PermianIn Ward County, Texas, Abraxas successfully drilled the Caprito 99-101H to a total depth of 15,665 feet. The completion of the Caprito 99-101H has been delayed due to completion issues on a third party's well, which has delayed the arrival of the frac fleet. Abraxas has been advised by the third party frac company that the rig up date for Abraxas' planned 25 stage completion of the Caprito 99-101H is now November 9 th. Abraxas owns a 100% working interest in the Caprito 99-101H. Production Update Production for the third quarter of 2016 averaged 5,955 boepd (3,629 barrels of oil per day, 8,321 mcf of natural gas per day, 939 barrels of NGLs per day). Production for the months of September and October, 2016 are estimated to have averaged 8,157 boepd and 8,086 boepd, respectively. Borrowing Base Abraxas' Borrowing Base was recently redetermined to $115 million. This Borrowing Base is fully conforming and represents a $5 million reduction from the Company's previously fully conforming Borrowing Base of $120 million, and compensates for all announced asset sales to date.

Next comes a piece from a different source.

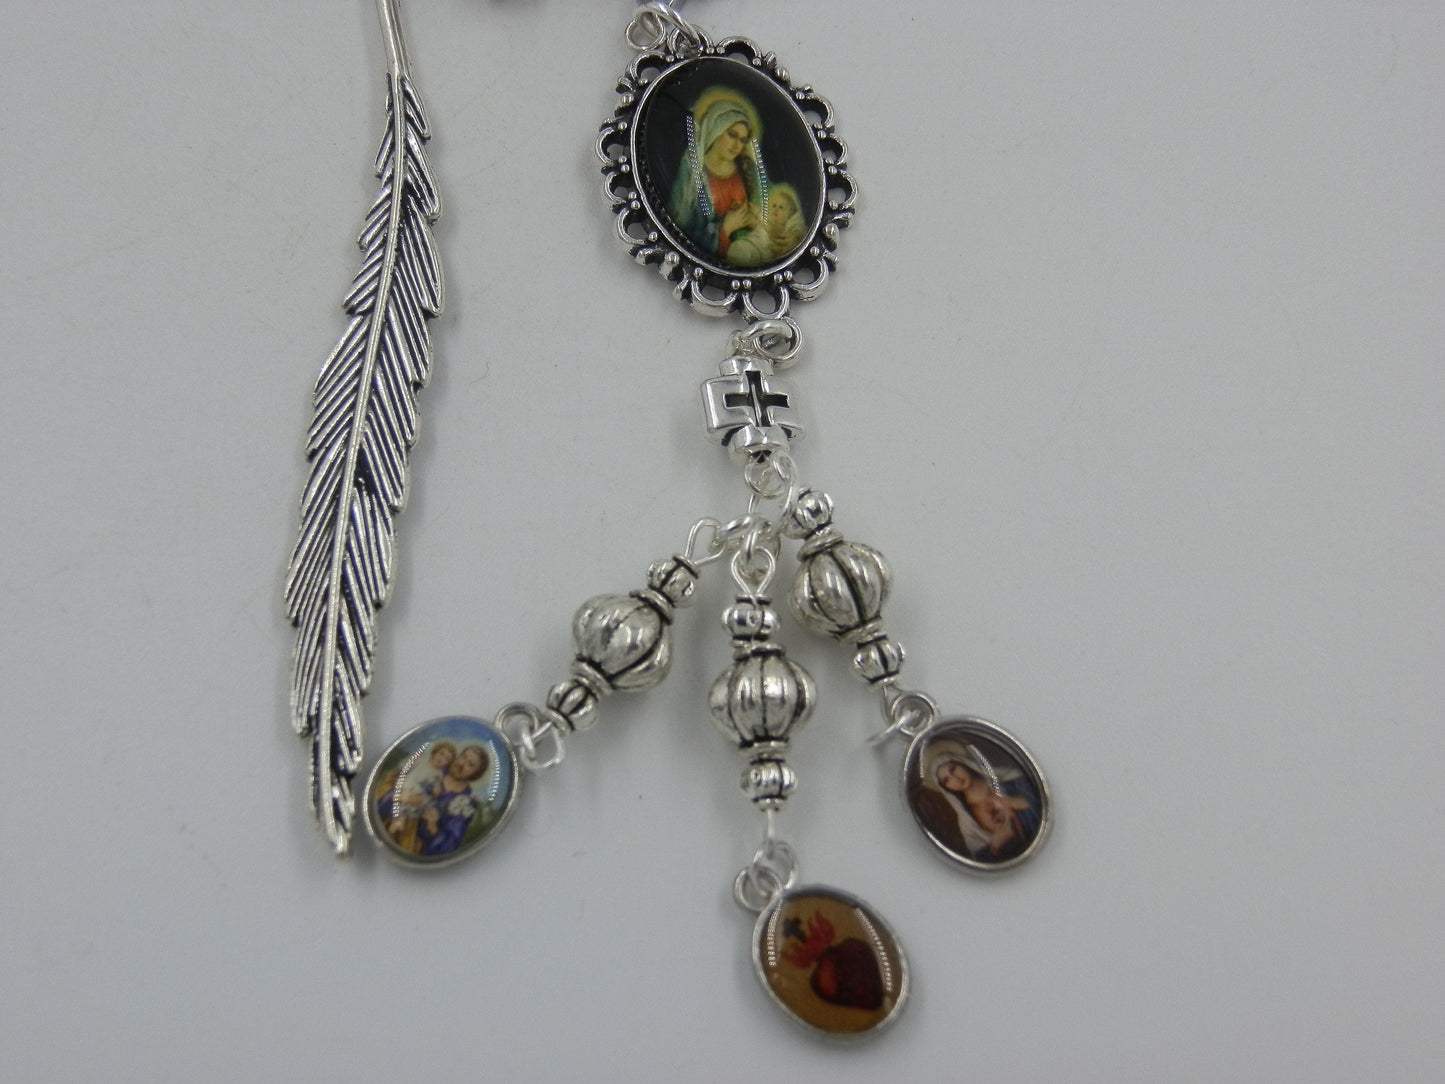 Religious bookmark, St. Joseph medal, Sacred heart medal, Our Lady of Sorrows medal, Religious gifts, Handmade bookmarker.

Abraxas exited the quarter ended September 30, 2016 $90 million drawn on this line of credit. As mentioned above, asset sale proceeds from the anticipated Hudgins Ranch and Brooks Draw sales will be used to further reduce borrowings on this line. In connection with the redetermination, Abraxas layered on additional crude oil swaps consisting of 1200 bopd in 2019 at $54.54/bbl. Abraxas hedging schedule is as follows:
|Oil Swaps (bbls/day)||2500||2401||1796||1200|
|NYMEX WTI (1)||$43.25||$54.53||$47.48||$54.54|
For 2017, Abraxas anticipates drilling expenditures to approximate cash flow. The current capital expenditure budget plans for drilling and completing eight gross, five net wells in the Bakken. Also in the Bakken, Abraxas anticipates drilling an additional three gross, two net wells that will be completed in 2018. At Jourdanton, Abraxas anticipates drilling two gross, net wells targeting the Austin Chalk. In the Permian, Abraxas anticipates drilling two gross, net wells targeting the Wolfcamp. Abraxas forecasts this will lead to 7,200 boepd or approximately 16% growth at the midpoint of guidance. Importantly, Abraxas expects a material decrease in LOE due to the divestiture of several higher cost properties and continued cost control. As evidence of this anticipated improvement, LOE expenses averaged $5.49/boe for the month of September, 2016. The 2017 capital expenditure budget is subject to change depending upon a number of factors, including the availability of drilling equipment and personnel, economic and industry conditions at the time of drilling, prevailing and anticipated prices for oil and gas, the availability of sufficient capital resources for drilling prospects, our financial results, the availability of leases on reasonable terms and our ability to obtain permits for drilling locations.
|% Natural Gas||23%||22%|
|Production Tax (% Rev)||9.0%||11.0%||9.0%||11.0%|
|Cash G&A ($mm)||$8.0||$12.5||$9.0||$11.0|
|2017E Net CAPEX|
"We continue to execute on our divestiture plan as evidenced by the partial sale of our Powder River Basin assets. We continue to market the remainder of our assets in the Powder River Basin and will update the market as to their status when appropriate."We now enter 2017 with higher margin and more productive asset base than we entered 2016 due to our operational execution and divestiture of lower margin assets. This will enable us to increase our capital expenditures by approximately 71% year over year with spending approximating forecasted cash flow. Importantly, we expect volumes to grow approximately 16% at the midpoint of guidance. Our solid leverage metrics and liquidity position on our revised line further enable us to accelerate growth when appropriate. We look forward to updating the market shortly on additional results from our active drilling program." (1) The 30-day average rates represent the highest 30 days of production and do not include the impact of natural gas liquids and shrinkage at the processing plant and include flared gas. Abraxas Petroleum Corporation is a San Antonio based crude oil and natural gas exploration and production company with operations across the Rocky Mountains, Permian Basin and South Texas in the United States. Safe Harbor for forward-looking statements: Statements in this release looking forward in time involve known and unknown risks and uncertainties, which may cause Abraxas' actual results in future periods to be materially different from any future performance suggested in this release. Such factors may include, but may not be necessarily limited to, changes in the prices received by Abraxas for crude oil and natural gas. In addition, Abraxas' future crude oil and natural gas production is highly dependent upon Abraxas' level of success in acquiring or finding additional reserves. Further, Abraxas operates in an industry sector where the value of securities is highly volatile and may be influenced by economic and other factors beyond Abraxas' control. In the context of forward-looking information provided for in this release, reference is made to the discussion of risk factors detailed in Abraxas' filings with the Securities and Exchange Commission during the past 12 months.